Get "PKI configuration failed" error when provisioning vPro device

idata
Employee
‎04-22-2011 03:24 AM
3,088 Views

Hi,

We have built a testing environment to set up vPro using PKI mode. However, the vPro client is not provisioning properly with the following error messages in SCS console event log:

1214,ERROR!,Error Configuring Intel AMT device: Failed to connect to un-configured Intel AMT device at IP 16.178.122.130: Proper certificate that matches the pre loaded certificate was not found in the user certificate store.

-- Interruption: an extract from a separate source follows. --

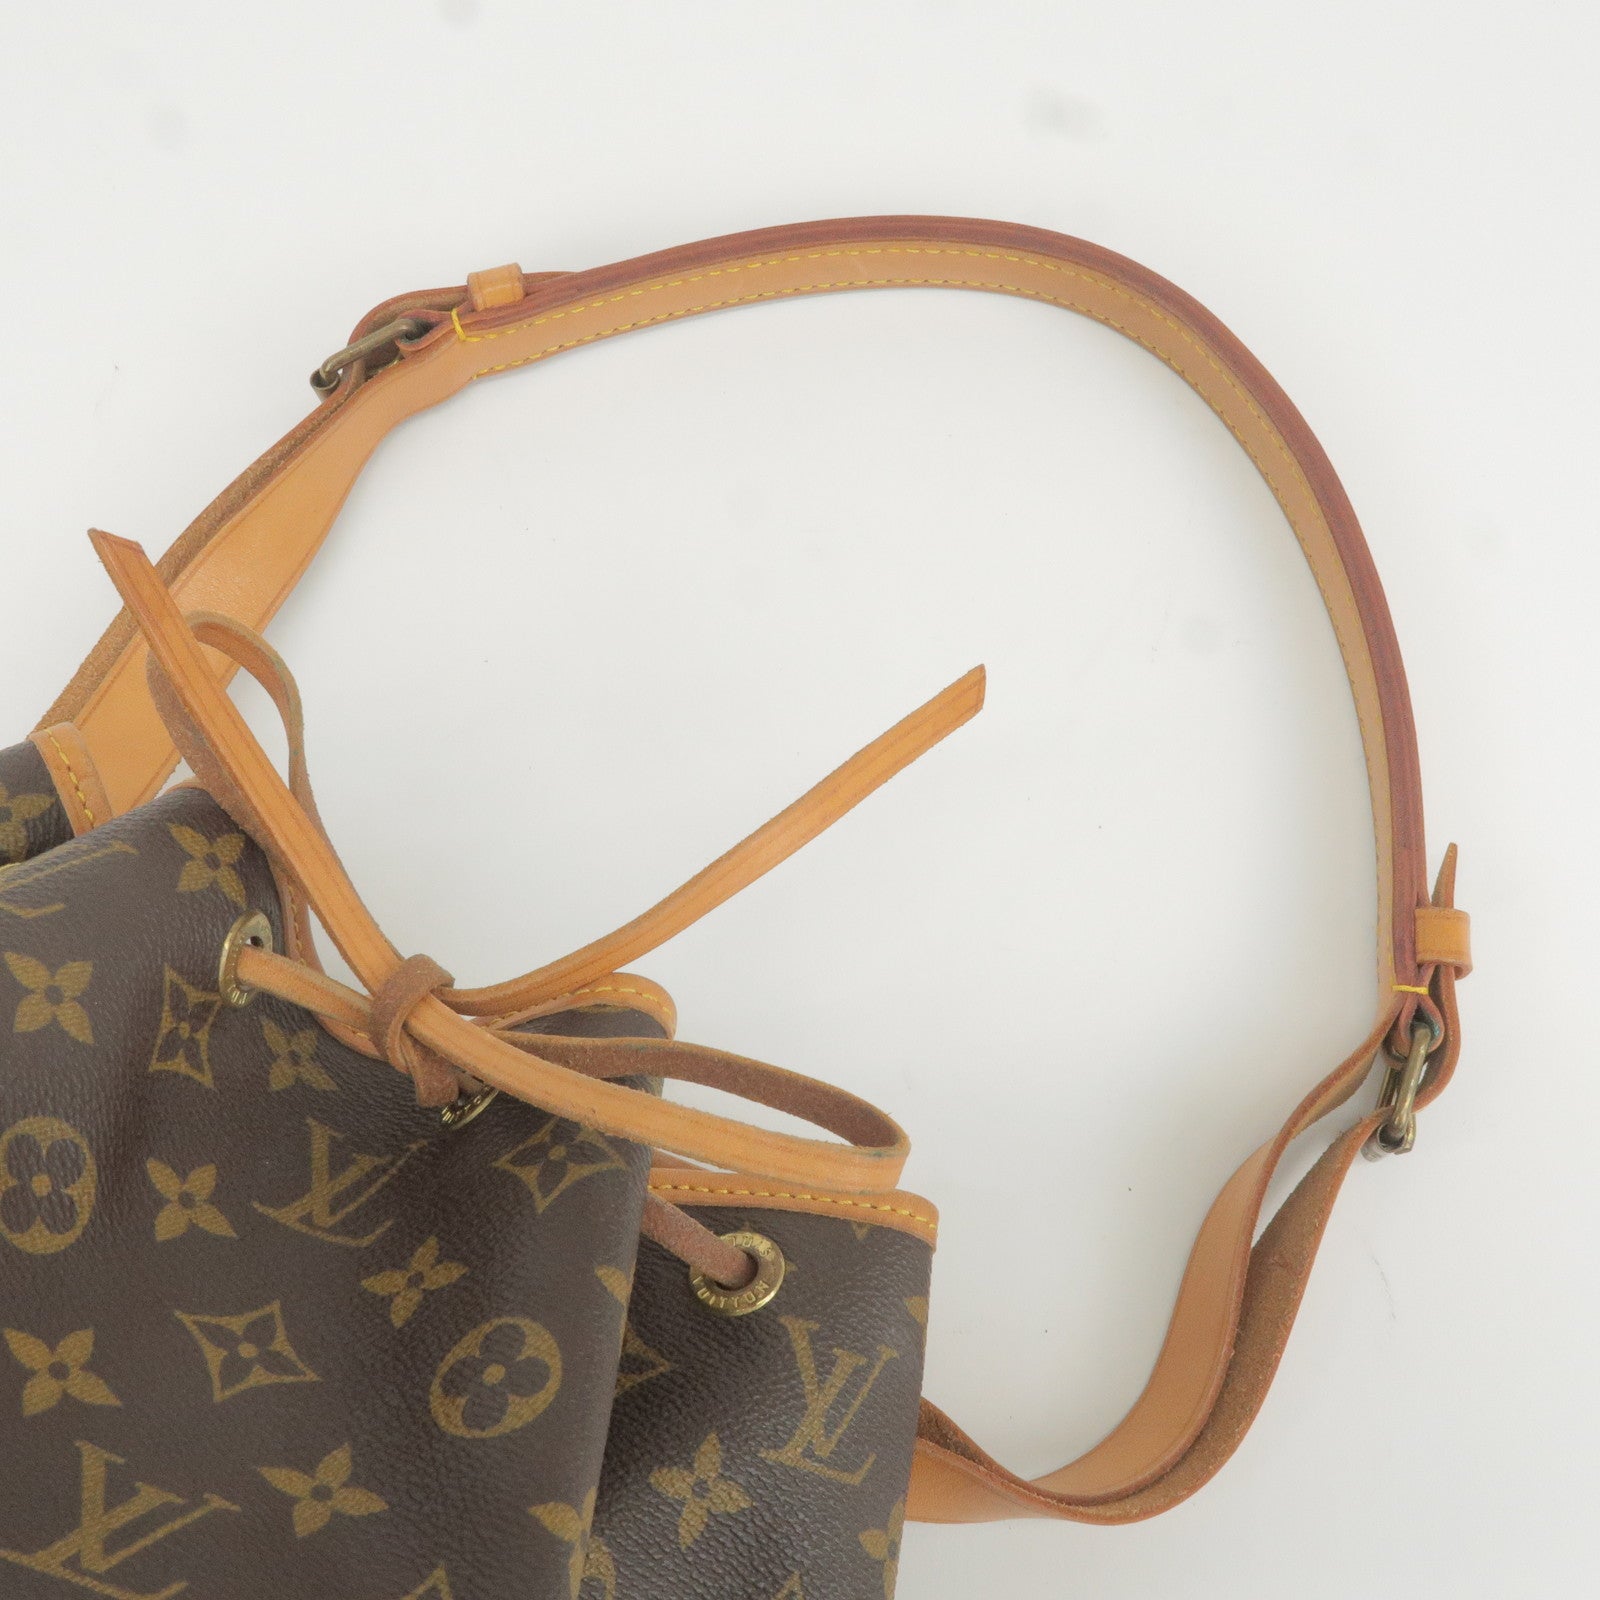 Louis Vuitton 2000s pre-owned Jeanne GM crossbody bag - Vuitton

PKI configuration failed.,4/22/2011 5:27:07 PM,17410FFB-A956-11DC-BBDA-FE9DD0E9000F,2202,DEVHPCAE\Administrator,WPS2008,

 

1214,ERROR!,Proper certificate that matches the pre loaded certificate was not found in the user certificate store. PKI configuration failed.,4/22/2011 5:27:07 PM,17410FFB-A956-11DC-BBDA-FE9DD0E9000F,1205,,WPS2008,

  • Our testing environment:

     

  1. Server A: Windows 2008 + IIS7.0 + SCS 5.3 + SQL Server 2005 + Domain Controller with DNS Server integrated

     

  2. Client A: Windows 2003 + vPro 3.2.2 AMT version

     

  • The procedure to install and configure vPro testing environment is described below:

     

  1. We are using PKI mode so we install a Certificate Authority on Server A .

     

  2. Create a certificate template and issue the client certificate template on Server A

     

  3. On Server A, request a certificate. In the "Identifying Information For Offline Template, the Name:" field specifiy the fully qualified

     

    name of the Provisioning Server (Server A).

     

  4. Install the client certificate on Server A. Export the client certificate.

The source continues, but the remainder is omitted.